The UN Commission on Human Rights released a stunning report on Wednesday alleging that human rights abuses China has committed against the Uyghur minority population may constitute “crimes against humanity.”
The 48-page report outlines allegations leveled against the Chinese Communist Party for years by numerous journalists, governments, and international organizations. The Uyghurs, an Islamic, Turkic-speaking minority in China’s remote northwestern frontier, have been reportedly subjected to arbitrary detention, torture, sexual violence, and forced labor.
“Despite well-documented evidence of state-sponsored torture and the intended destruction of the entire Uyghur ethnic groups through massive concentration camps, physical and mental torture, slave labor, massive displacement, enforced sterilization to prevent population growth and separation of children from their parents, the U.N. report came short of calling the crime by name,” Mehmet Tohti, executive director of the Uyghur Rights Advocacy Project, told The New York Times.
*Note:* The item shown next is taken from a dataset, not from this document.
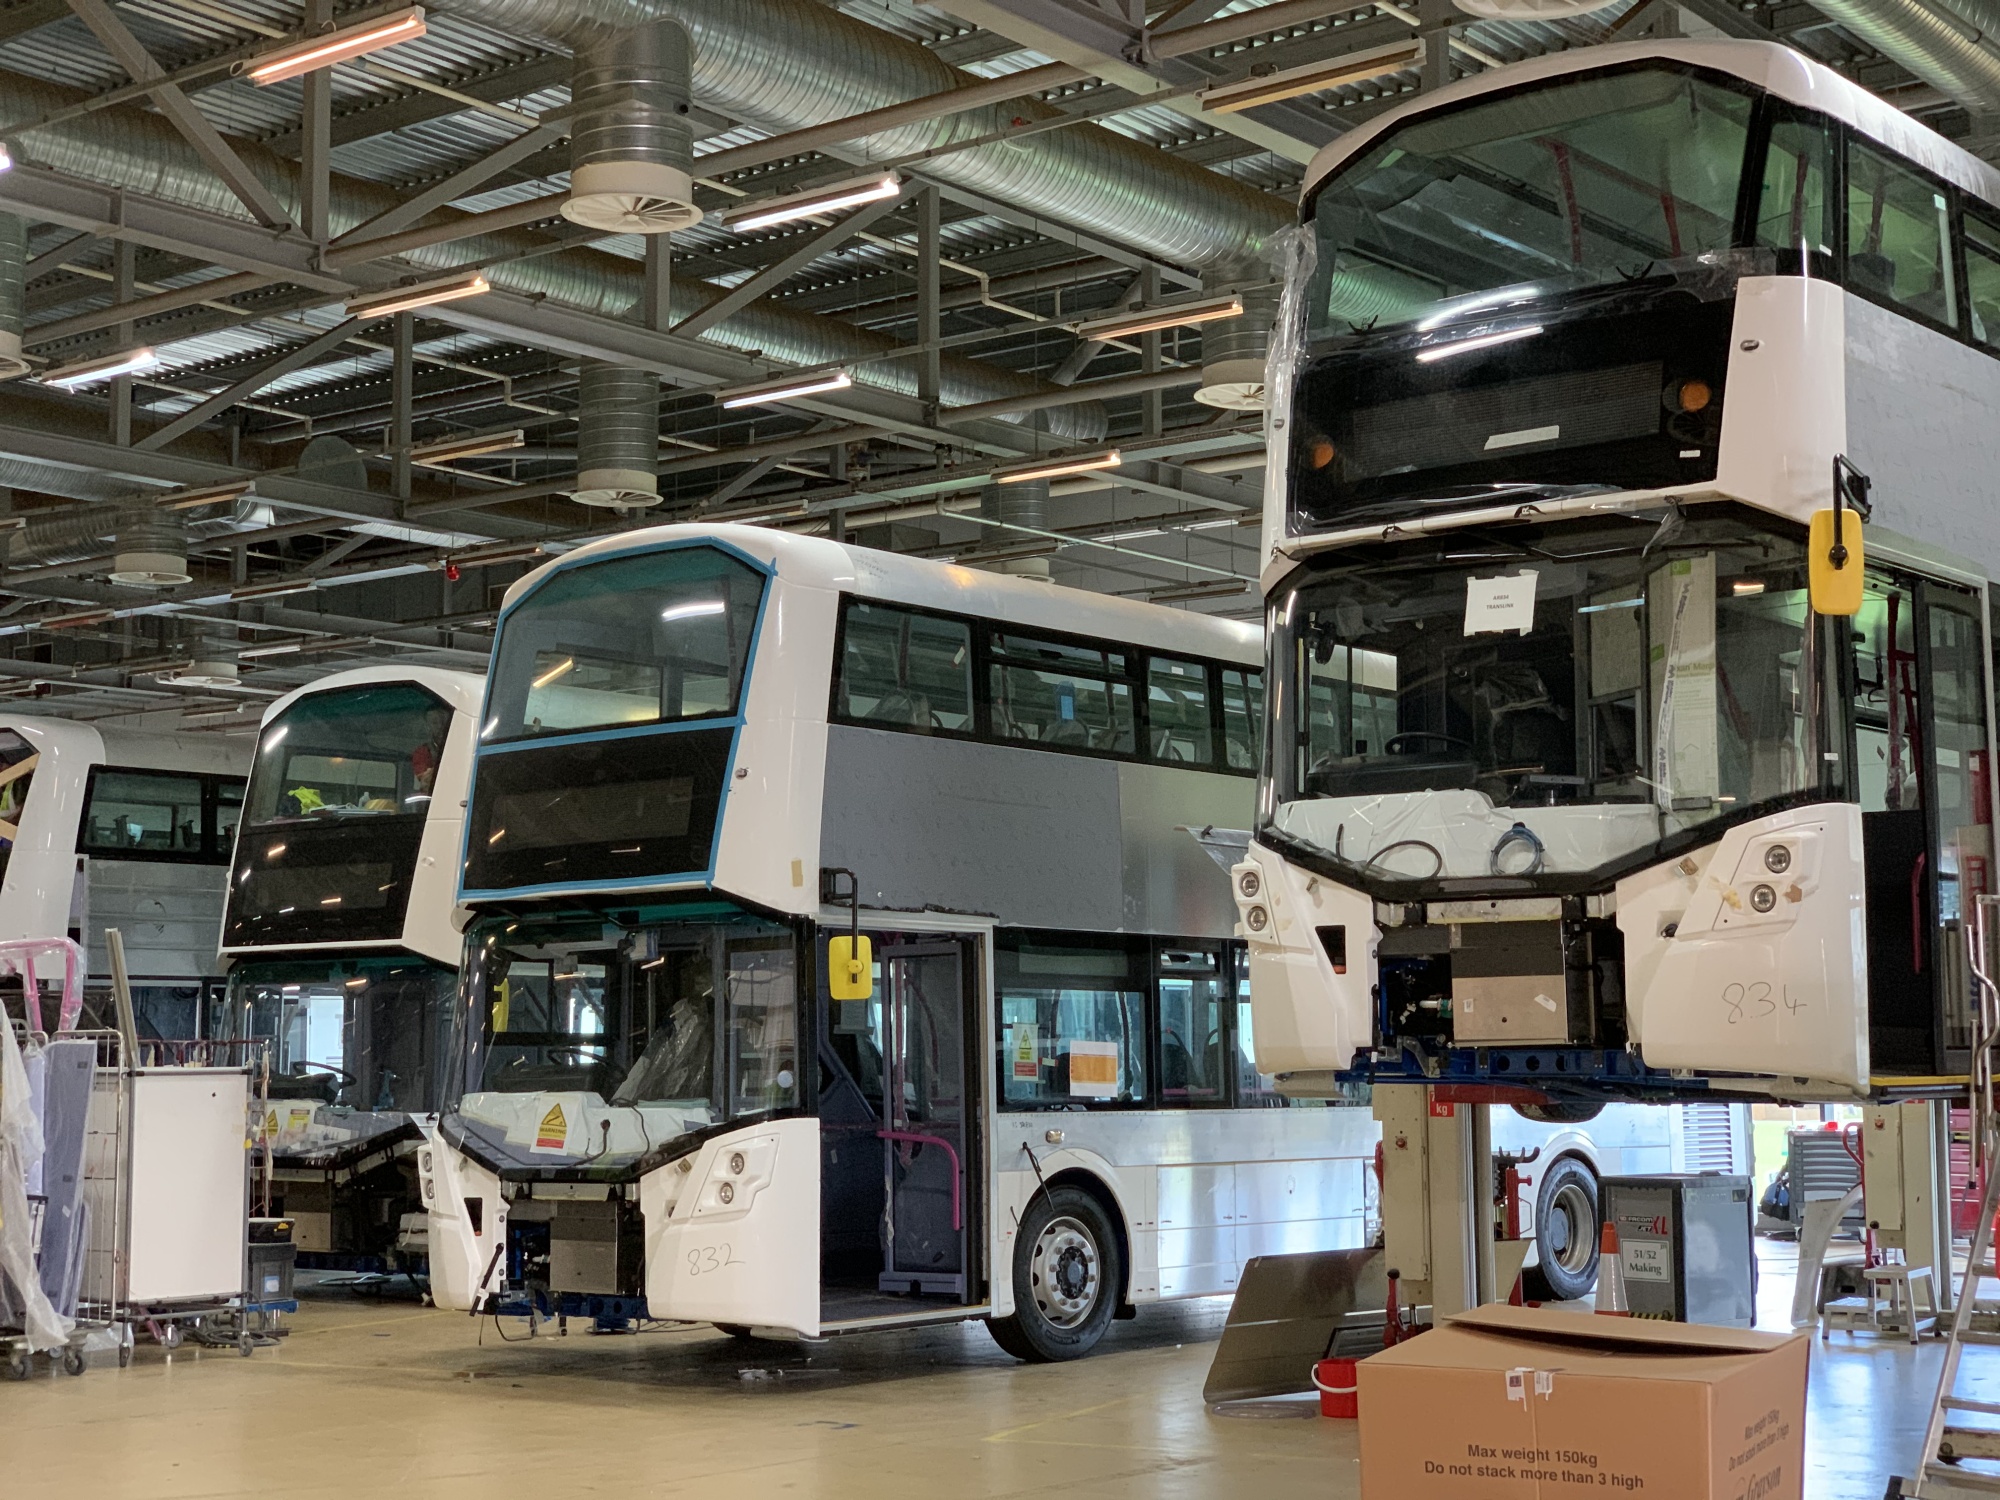 Wrightbus hydrogen buses on the production line

The UN first began receiving reports of abuse at the end of 2017, and the report cites 40 interviews with witnesses of the atrocities, 26 of whom reportedly spent time in a Uyghur internment camp. China initially denied the existence of the camps, and when that became impossible, Beijing characterized them as “vocational training centers” meant to combat “extremism.”
The Chinese mission to the UN released a 122-page counter condemning the UN’s decision to release their report.
“This so called ‘assessment’ … ignores the human rights achievements made together by people of all ethnic groups in Xinjiang and the devastating damage caused by terrorism and extremism to the human rights of people of all ethnic groups in Xinjiang,” the Chinese mission said.
The CCP has been increasingly aggressive in its censorship of foreign media, using its iron grip on the highly coveted Chinese market to compel American corporations like Disney and the NBA to kowtow to the party line.
While the UN report was condemnatory in its language, it did not go so far as to call the ongoing campaign of repression a genocide, despite the widespread demolition of Uyghur mosques, restrictions on the speaking and teaching the Uyghur language, forced abortions of Uyghur children and the drastic and demonstrable drop in Uyghur birth rates.
“It is imperative that nations take this report and make concrete steps toward stopping these crimes against humanity and holding China accountable for them,” Rushan Abbas, a Uyghur American activist said.
Abbas previously worked as a translator for the US Department of Defense, and after he began speaking out his sister was reportedly sentenced to 20 years in prison by the Chinese government. Chinese authorities have been accused of taking reprisals against the relatives of whistleblowers and foreign critics.
For some Uyghurs, the report is too little, too late. Mukerrem Abitoglu, who fled to Turkey from China with her youngest daughter 5 years ago, told Reuters, “China kills our young people, leaves our children orphaned so what [the United Nations] do now is not enough.”